Index Outlook: Bulls, fighting on the backfoot

Sensex (18,008.1)

It was a tightly fought battle in the narrow strip between 18,000 and 18,500 last week. The bulls can take heart from the fact that the 18,000-buttress is still intact. What is disconcerting is the sheer lack of conviction in up-moves. There was no dearth of negative news to keep stock prices on a leash such as the raging global food inflation, turmoil in Egypt, fear of political instability due to the arrest of the former telecom minister.

And then there were the ubiquitous twins — inflation and interest rates that continued to prey on the minds of market participants. The only silver lining was the strength in some of the other global markets. Our market could soon reach a point at which all the negatives are discounted in the prices so that it too can join the ongoing rally in developed markets.

Volumes were subdued in both the cash and derivative segment as investors preferred to watch the action from the sidelines. Open interest is also quite low at Rs 1.2 lakh crore. With the expiry of February series scheduled on the 24th of this month and the Union Budget announcement shortly after that, trading activity is likely to be muted this month.

Oscillators in the daily and weekly chart are in the oversold region denoting that the market is oversold from both short and medium-term perspective. A watch should be maintained on the monthly rate of change oscillator. This indicator is on the verge of declining to the negative territory after a prolonged negative divergence. Further deterioration in this indicator would be negative from a long-term perspective.

Despite the heightened emotions in market last week, the Sensex has not lost much ground. The index recorded the low of 17,926 on Friday. This is a key medium-term support level as it occurs at 61.8 per cent (Fibonacci) retracement of the up-move from 15,960 to 21,108. If a trough is formed here, the medium-term view will stay positive and the index can move higher towards its previous peak over the ensuing months.

As explained in our last column, the entire zone between 17,800 and 18,300 is a potent reversal area for the short-term. However trend following indicators are not giving any reversal signals yet. The viciousness of the fall on Friday also shows that there could be some more pain in the short-term. The index needs to close above 19,000 to mitigate the bearish short-term view.

A strong close below the 17,926 level indicated above will mean that the index is retracing the entire up-move from March 2009 low of 8,047 to the November peak of 21,108. Minimum targets in this case could be at 17,189, 16,754 or 16,118.

A bounce in the early part of the week can take the Sensex higher to 18,501, 18,729 or 18,821 next week. Failure to move beyond 18,500 will mean that the worst is not yet over. Downward targets for the index are 17,926, 17,700 and 17,180.

Nifty (5,395.7)

The Nifty declined to the low of 5400 on Tuesday and spent the rest of the week in the band between 5,400 and 5,550. The index is halting at the key medium-term support at 5,378. Medium-term view will turn negative only on a strong close below this level.
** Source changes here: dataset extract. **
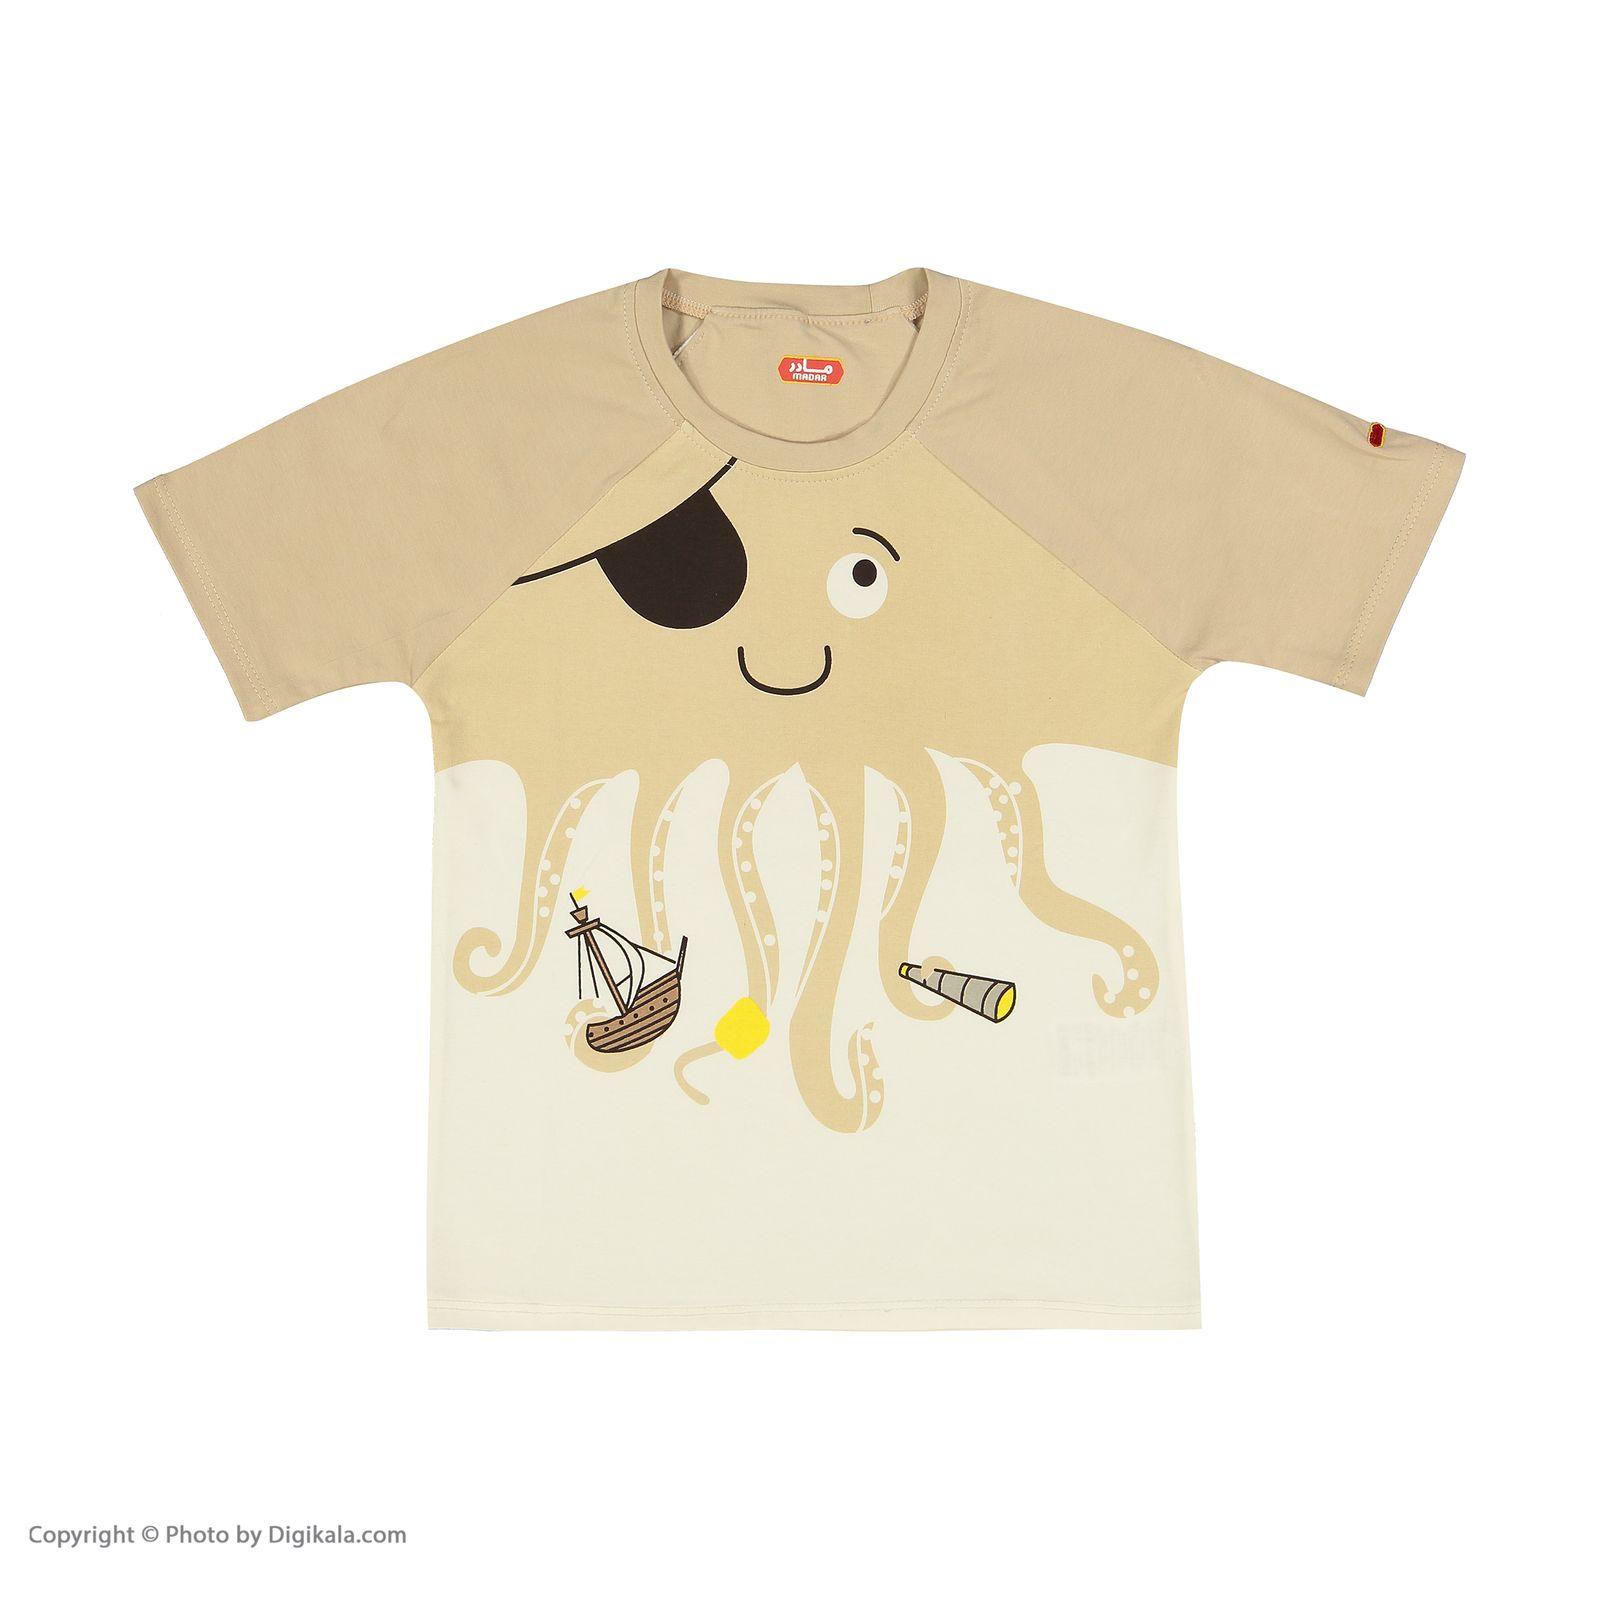 ست تی شرت و شلوارک راحتی پسرانه مادر مدل 2041107-07 main 1 2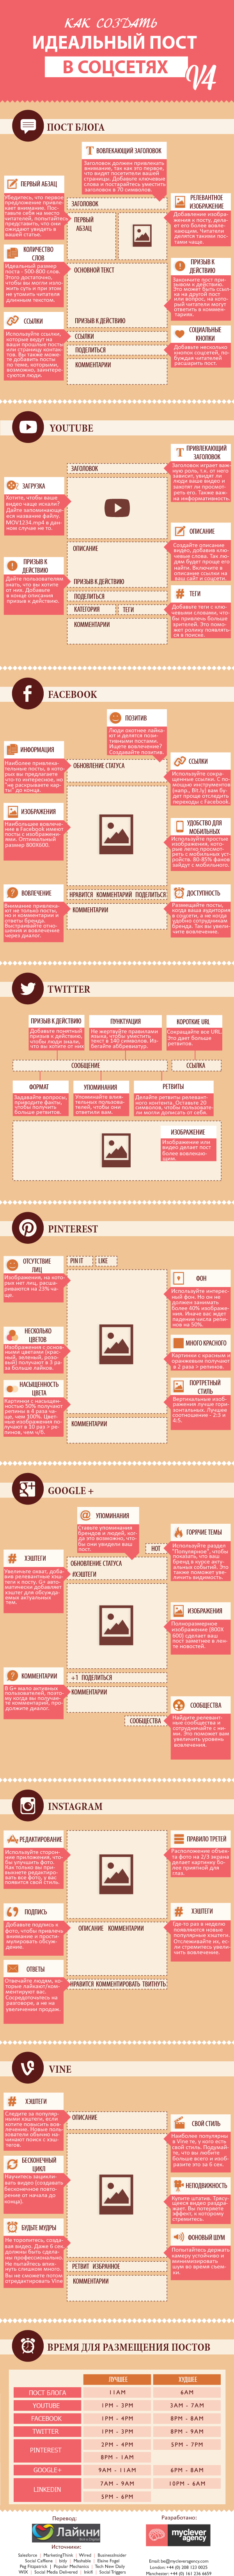 Идеальный пост для соцсетей (Инфографика) - ОТличная рекомендация для СЕО!!

Conversely a rebound from here can take the index towards its life-time peak again. The entire zone between 4,700 and 5,300 is a strong long-term support band since the index spent almost a year in this band.

Short-term resistances would be at 5,534, 5,585 and 5,635. Failure to move above the first resistance would mean that the short-term trend remains negative. The index would then be expected to decline to 5,368, 5,308 or 5,200 in the near-term.

Strong close below 5,378 will imply that the entire up-move from the March 2009 trough is being corrected. Minimum downward targets in that case would be 5,198, 5,071 and 4,886.

Global Cues

It was a relatively sedate week on equity markets and most benchmarks headed higher as concerns regarding Egypt abated.

European indices closed strongly higher. Many benchmarks such as the FTSE and DAX closed at new 52-week highs.

Even the DJ Euro STOXX 50 is close to the 2010 peak implying that a fresh long-term uptrend can resume in this index. CBOE volatility index declined from the intra-week peak of 19.9 to close at 15.9.

The Dow closed on a very strong note above the 12,000 mark last week. Near-term trend will stay positive as long as this index trades above 11,450.

Our medium-term targets stay at 12,444 or 12,896 as the index heads higher.

If we assume that third wave from March 2009 low is unfolding currently, minimum target would be 12,573.

Many Asian markets such as Shanghai Composite Index, Taiwan Weighted Index, Thailand SET, Jakarta Composite and the Nikkei recovered from lower levels to close on a positive note.